> **Materials provided**
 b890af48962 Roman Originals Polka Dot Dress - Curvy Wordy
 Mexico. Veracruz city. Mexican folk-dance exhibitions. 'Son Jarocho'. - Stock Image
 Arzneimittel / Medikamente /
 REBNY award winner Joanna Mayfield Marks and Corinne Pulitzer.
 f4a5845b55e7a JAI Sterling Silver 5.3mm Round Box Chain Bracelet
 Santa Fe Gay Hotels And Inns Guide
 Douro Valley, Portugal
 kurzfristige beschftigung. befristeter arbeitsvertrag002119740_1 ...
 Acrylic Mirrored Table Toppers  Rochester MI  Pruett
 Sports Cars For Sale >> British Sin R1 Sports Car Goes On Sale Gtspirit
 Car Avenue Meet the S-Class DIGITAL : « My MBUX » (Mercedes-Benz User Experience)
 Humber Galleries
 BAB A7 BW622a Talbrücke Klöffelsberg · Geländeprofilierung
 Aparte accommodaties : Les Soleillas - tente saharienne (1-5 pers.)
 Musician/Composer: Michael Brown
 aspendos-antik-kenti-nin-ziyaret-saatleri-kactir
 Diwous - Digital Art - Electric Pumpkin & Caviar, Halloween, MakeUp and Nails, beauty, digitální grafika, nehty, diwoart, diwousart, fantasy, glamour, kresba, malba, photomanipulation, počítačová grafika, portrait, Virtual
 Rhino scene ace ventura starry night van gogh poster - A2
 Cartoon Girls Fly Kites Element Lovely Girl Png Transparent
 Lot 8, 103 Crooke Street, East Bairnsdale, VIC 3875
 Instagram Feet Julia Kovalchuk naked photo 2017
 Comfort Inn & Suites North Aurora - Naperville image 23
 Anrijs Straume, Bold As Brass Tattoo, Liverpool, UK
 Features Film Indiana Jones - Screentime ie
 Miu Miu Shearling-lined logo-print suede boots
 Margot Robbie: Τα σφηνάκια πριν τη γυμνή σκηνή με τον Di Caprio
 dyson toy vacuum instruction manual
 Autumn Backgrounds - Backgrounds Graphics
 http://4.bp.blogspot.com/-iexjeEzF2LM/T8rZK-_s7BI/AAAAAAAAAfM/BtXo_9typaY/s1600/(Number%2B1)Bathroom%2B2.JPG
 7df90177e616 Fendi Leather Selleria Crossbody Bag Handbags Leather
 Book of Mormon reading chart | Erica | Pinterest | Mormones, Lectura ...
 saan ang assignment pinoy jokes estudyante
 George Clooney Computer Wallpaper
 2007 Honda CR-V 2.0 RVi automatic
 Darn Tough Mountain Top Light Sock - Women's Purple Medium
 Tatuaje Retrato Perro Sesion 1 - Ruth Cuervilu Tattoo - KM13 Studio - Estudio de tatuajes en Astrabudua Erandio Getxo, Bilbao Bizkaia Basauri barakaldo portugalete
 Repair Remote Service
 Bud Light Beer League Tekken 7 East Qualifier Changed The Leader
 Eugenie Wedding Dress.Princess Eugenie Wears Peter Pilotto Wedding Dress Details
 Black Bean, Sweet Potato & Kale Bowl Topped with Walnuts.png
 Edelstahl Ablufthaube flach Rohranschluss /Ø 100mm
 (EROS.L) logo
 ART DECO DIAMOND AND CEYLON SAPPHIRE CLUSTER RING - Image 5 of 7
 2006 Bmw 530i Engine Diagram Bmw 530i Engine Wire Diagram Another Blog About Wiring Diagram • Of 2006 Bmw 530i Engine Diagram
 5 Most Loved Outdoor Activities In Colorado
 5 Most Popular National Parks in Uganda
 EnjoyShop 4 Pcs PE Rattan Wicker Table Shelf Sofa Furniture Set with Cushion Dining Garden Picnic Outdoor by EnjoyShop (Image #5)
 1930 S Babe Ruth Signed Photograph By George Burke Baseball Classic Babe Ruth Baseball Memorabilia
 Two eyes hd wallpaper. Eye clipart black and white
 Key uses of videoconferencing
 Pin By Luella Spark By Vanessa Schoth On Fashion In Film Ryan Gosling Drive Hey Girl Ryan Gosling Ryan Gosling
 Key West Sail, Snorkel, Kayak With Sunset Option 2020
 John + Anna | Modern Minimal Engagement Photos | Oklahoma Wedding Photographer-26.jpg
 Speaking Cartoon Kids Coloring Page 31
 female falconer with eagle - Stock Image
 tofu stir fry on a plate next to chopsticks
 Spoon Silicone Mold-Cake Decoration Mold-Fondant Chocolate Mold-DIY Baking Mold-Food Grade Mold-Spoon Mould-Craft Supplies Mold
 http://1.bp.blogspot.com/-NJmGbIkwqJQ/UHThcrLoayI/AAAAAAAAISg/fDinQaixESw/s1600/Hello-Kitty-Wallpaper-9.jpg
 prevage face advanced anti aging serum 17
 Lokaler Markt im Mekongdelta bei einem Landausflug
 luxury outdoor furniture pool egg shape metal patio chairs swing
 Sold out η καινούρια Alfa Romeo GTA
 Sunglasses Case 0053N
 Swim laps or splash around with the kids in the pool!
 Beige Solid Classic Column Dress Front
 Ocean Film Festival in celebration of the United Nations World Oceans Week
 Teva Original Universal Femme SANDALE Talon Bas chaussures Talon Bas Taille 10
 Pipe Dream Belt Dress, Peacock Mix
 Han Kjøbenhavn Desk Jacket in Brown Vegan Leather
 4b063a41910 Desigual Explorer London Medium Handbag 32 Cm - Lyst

> **What is being asked**
I'd like the lines above from the one with "Features Film Indiana Jones - Screentime ie" up to and including the one with "7df90177e616 Fendi Leather" copied exactly, with no other lines.

> **Reply to the exercise**
 Features Film Indiana Jones - Screentime ie
 Miu Miu Shearling-lined logo-print suede boots
 Margot Robbie: Τα σφηνάκια πριν τη γυμνή σκηνή με τον Di Caprio
 dyson toy vacuum instruction manual
 Autumn Backgrounds - Backgrounds Graphics
 http://4.bp.blogspot.com/-iexjeEzF2LM/T8rZK-_s7BI/AAAAAAAAAfM/BtXo_9typaY/s1600/(Number%2B1)Bathroom%2B2.JPG
 7df90177e616 Fendi Leather Selleria Crossbody Bag Handbags Leather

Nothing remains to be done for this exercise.